Dataset content:
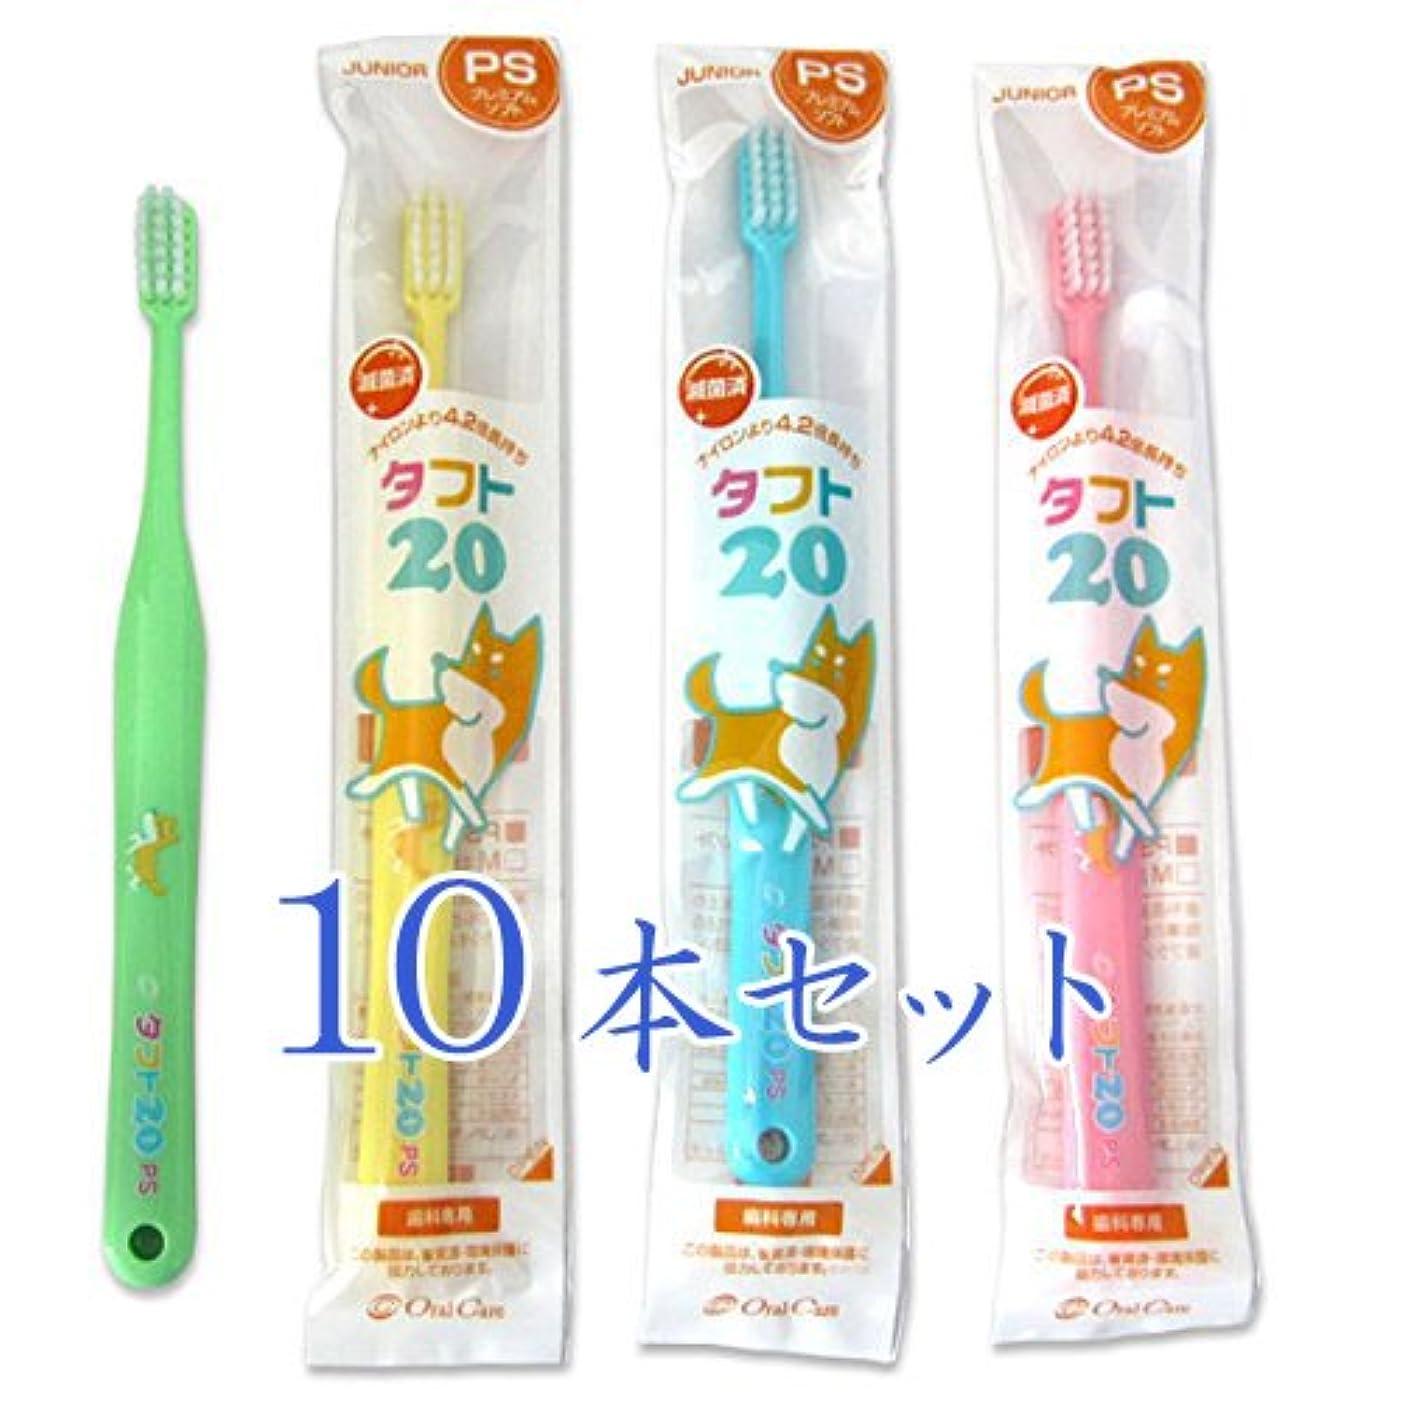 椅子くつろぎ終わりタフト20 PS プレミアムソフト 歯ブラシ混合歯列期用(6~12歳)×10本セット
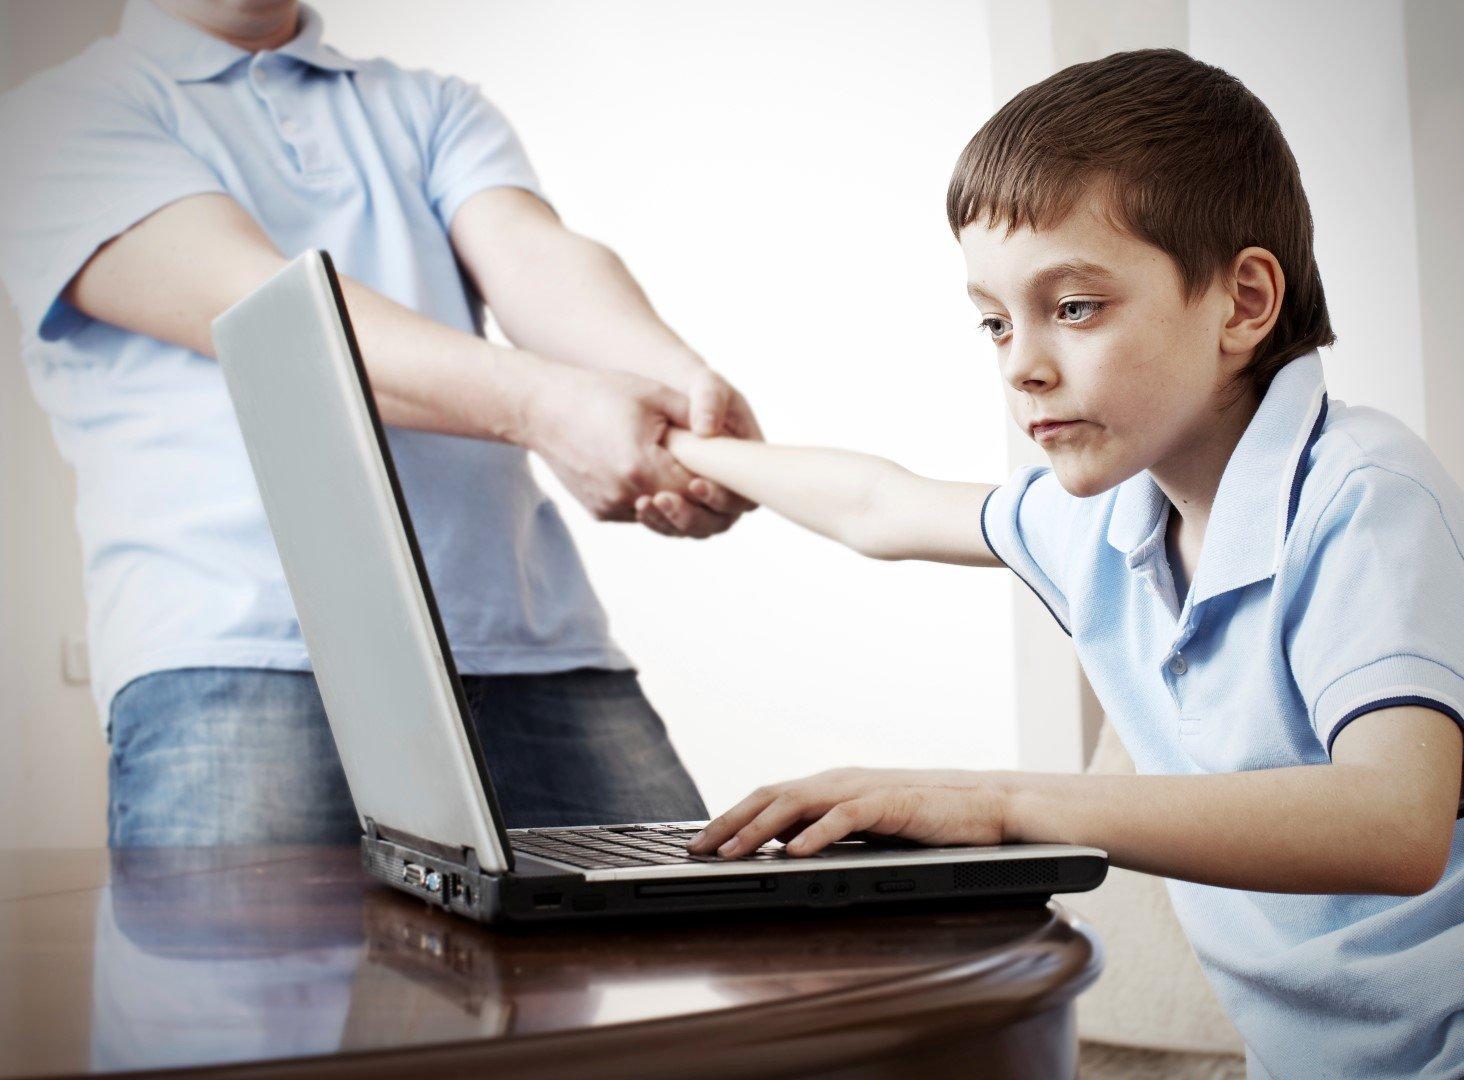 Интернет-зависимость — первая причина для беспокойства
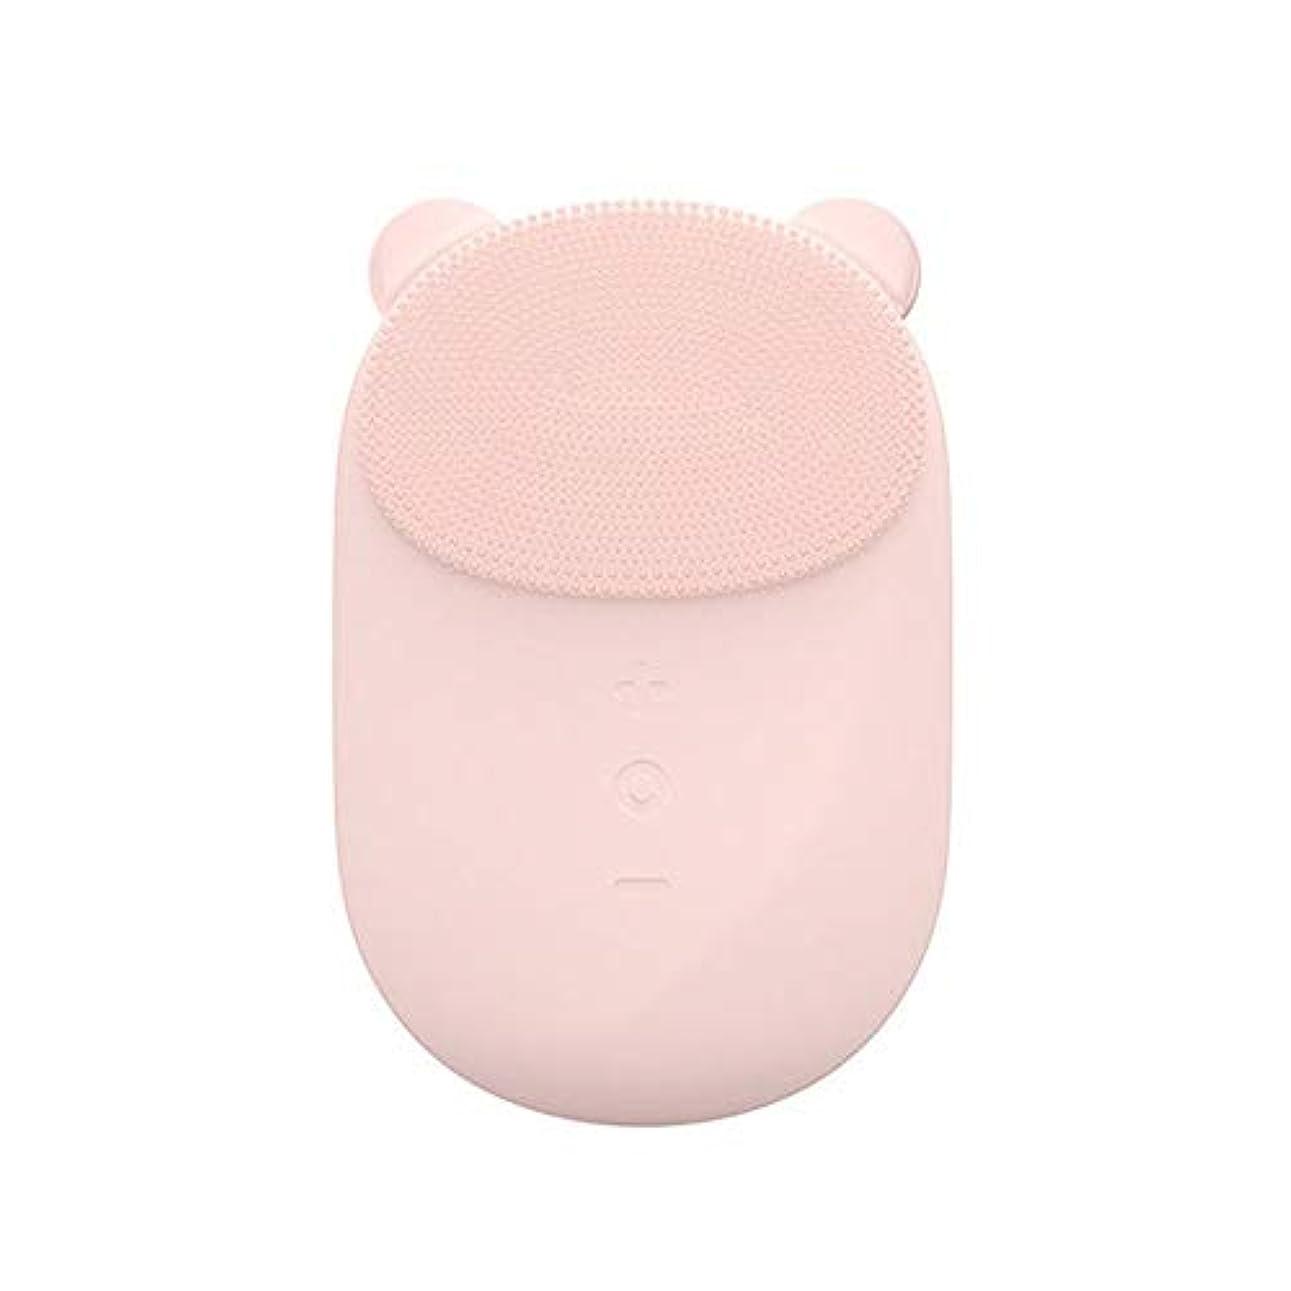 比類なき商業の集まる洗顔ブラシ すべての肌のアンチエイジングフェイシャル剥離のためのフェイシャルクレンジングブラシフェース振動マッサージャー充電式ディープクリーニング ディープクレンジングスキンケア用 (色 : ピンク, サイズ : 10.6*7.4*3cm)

Task item:
Please set down every line of the listing verbatim, excluding its pictures.

Result for this exercise:
 椅子くつろぎ終わりタフト20 PS プレミアムソフト 歯ブラシ混合歯列期用(6~12歳)×10本セット
 Интернет-зависимость — первая причина для беспокойства
 比類なき商業の集まる洗顔ブラシ すべての肌のアンチエイジングフェイシャル剥離のためのフェイシャルクレンジングブラシフェース振動マッサージャー充電式ディープクリーニング ディープクレンジングスキンケア用 (色 : ピンク, サイズ : 10.6*7.4*3cm)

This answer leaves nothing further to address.